Suicidal Love

One of the first names of human birth is love.
A pair of swans glide, entwined in a dance of desire,
floating on the surface of boundless, aching water.

Mithila, lost in the fervour of pilgrimage,
yearns for the kiss of a giraffe’s dry lips
It’s distance, a reminder of longing’s cruel geography.

Mithila’s flesh, a land borrowed,
Where faith is fragile yet absolute
turns to dust, the ultimate act of surrender.

Time beats its drum,
knocking at the gates of hell,
and the ixora blooms,
Its petals hang like chandeliers
In the courtyard of an abandoned soul.

The weight of waiting,
unanswered and unbearable,
presses on
too heavy for hands that no longer reach.

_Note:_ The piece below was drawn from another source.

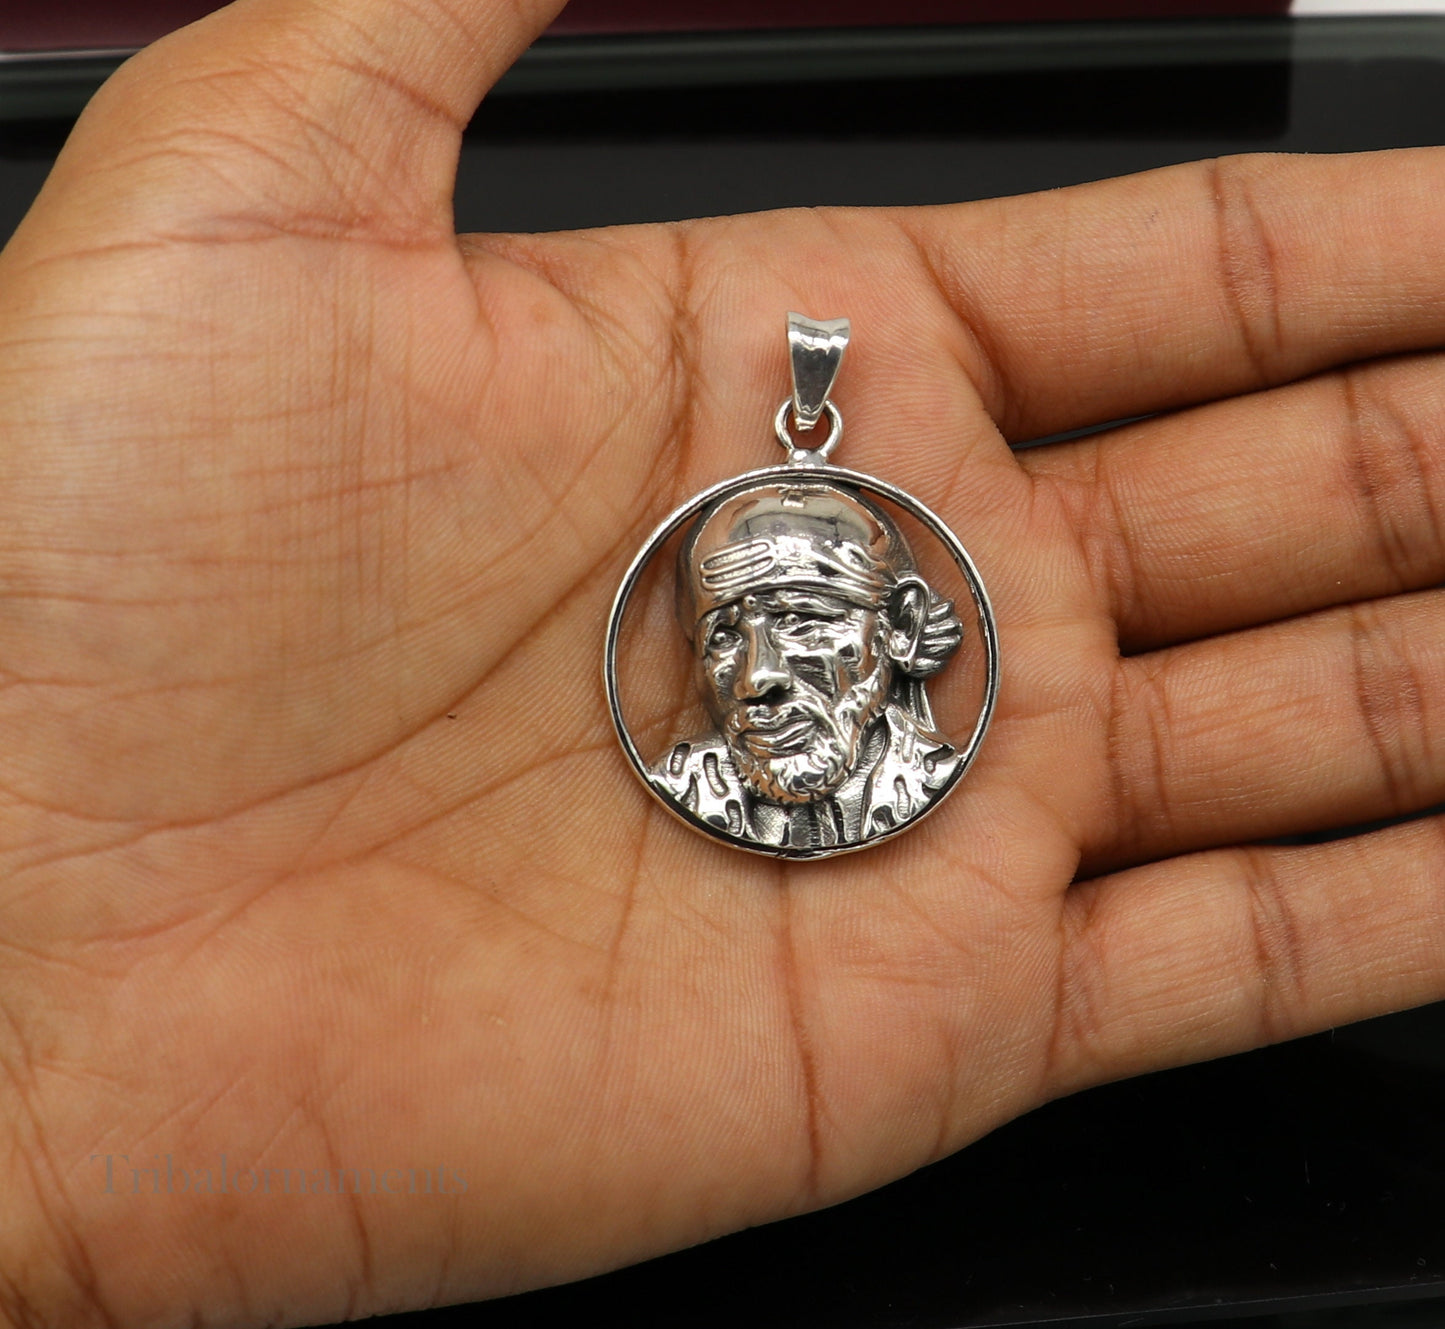 Iidol Sai Baba pendant 925 sterling silver handmade amazing stylish unisex pendant locket personalized jewelry tribal jewelry ssp945 - TRIBAL ORNAMENTS

Mithila, born from fire and water,
her essence soaked in paradox,
The scent of flowers, now a refuge for ants,
while the poison of severance
lingers in the breath of a distant stranger.

Altruistic Mithila,
a sensual snail,
her body spoiled by love’s relentless ache.

Midnight watches over the well,
stirring the water with its quiet despair.
Darkness melts like wax,
the last flame of hope flickering, and gone.

The primal hunger of existence
shapes the land beneath
shameless breasts,
and the surge of suicidal love
breaks against the shore
a tidal wave of raw, aching longing.